Deep within Yosemite National Park is a stone building. In that stone building is a glass box. In that glass box is a tin cup. On that tin cup is an inscription that reads, “1895 John Muir’s kit used in trip through Tuolumne Canyon.”
John Muir—AKA John of the Mountains, AKA Citizen of the Universe, AKA Wilderness Prophet—carried that cup with him on a trip through the plot of land that, just five years earlier, he had helped to establish as the United States’ third National Park.
In 1912, Muir published The Yosemite, a book collecting his observations of California’s Central Valley region over the previous 43—that’s right, four three—years. In the book, a lean 320 pages, he uses the word beauty or beautiful(ly) 119 times. The first chapter contains 37 instances alone.
There’s one reference in the book’s final chapter that stands out to me. It reads, “Everybody needs beauty as well as bread, places to play in and pray in, where nature may heal and give strength to body and soul.”
Now, I’m not a god-fearing man like Muir was. I don’t believe in heaven or hell or gods or devils. But I definitely believe in beauty. And I believe every living creature on this planet has some non-physical, unquantifiable portion of their being. For lack of a better description: a soul. We’ve got those beliefs in common.
But I think what Muir was trying to say is that food can only feed the body. To nourish the entire person—the body and the soul—you need to find a certain type of beauty in this world. The type of beauty that moves you. The type of beauty that punches you in the chest. The type of beauty that grabs you by the back of the neck and pulls you up so high that you can’t help but look at the world from that new perspective.
[Editor’s note: Is someone cutting onions in here?]
For Muir, that special beauty was the outdoors. Now, I tend to not disagree with folks who have more than two appellations, but I have to push back on the Prophet a little bit here. While I agree that nature has the power to feed more than just the physical part of a person, I think food does, too.
I had an egg once that changed my life. It was a poached farm egg on top of crispy rice with seasonal veggies at Empire State South in Atlanta.

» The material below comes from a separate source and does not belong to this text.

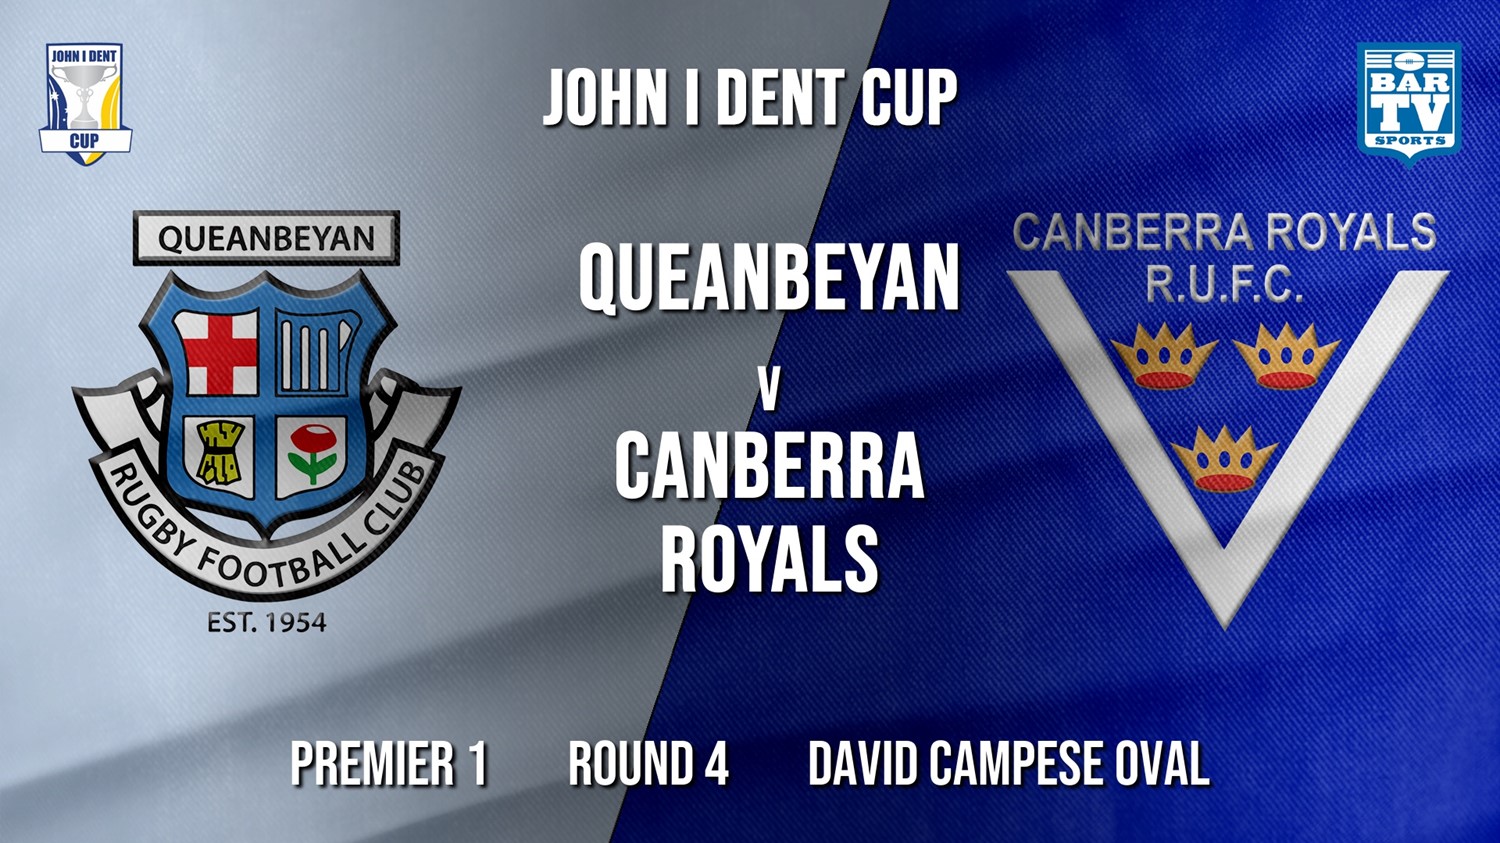 John I Dent Round 4 - Premier 1 - Queanbeyan Whites v Canberra Royals Minigame Slate Image

When I tasted that yolky, crunchy morsel I floated out of my body and witnessed myself in a state of pure bliss, the same way folks do on an ayahuasca trip or during a near-death experience.
I had a dessert once that made me question reality. It was a vanilla bean ice cream with creamed corn and tangerine marmalade at Girl & the Goat in Chicago. Those flavors made no sense together in my head, but once they melded in my mouth I wondered if I had ever actually tasted anything before. I don’t have a god, but for a brief few moments on that day, Stephanie Izard was my god.
I had a beer once—and what is beer but liquid bread—that made me believe in aliens. Or witchcraft. Or maybe that’s when I truly started believing in the soul. It was the legendary Belgian Trappist Ale called Orval, and I can’t even remember where I had it for the first time because everything that wasn’t Orval just fell away. Once I tasted it I knew that whomever—or whatever—had made it was more than just corporeal.
There was something so beautiful about it. Something so right. So pure. So natural that it seemed completely unnatural that something could be that natural. So simple as to be complex.
I’ve had it many times since. Hundreds, maybe. Even now, occasionally, I find myself lost in its foam. Drawn in and enchanted by its walls and pockets and undulations. It creates landscapes within the glass, not altogether different from those Muir witnessed in Yosemite.
There’s something astonishing about Orval. There have been times I swear I’ve seen the foam crawling up the side of the glass, rather than sliding down it, as if trying to escape its silicate confines. And then the taste! The minerality is uncannily earthen, like atomizing stones to component parts. Like liquifying the granite of Half Dome. Like lapping up the essence of this rock we call home. Which seems like exactly the kind of sentiment Muir could get behind.
This Saturday, March 23, is Orval Day—a worldwide celebration of a beer that has connected with so many souls through the ages. I encourage you all to find a bar or buy a bottle, raise your chalice, your glass, or your tin cup to John Muir, and toast to beauty and bread.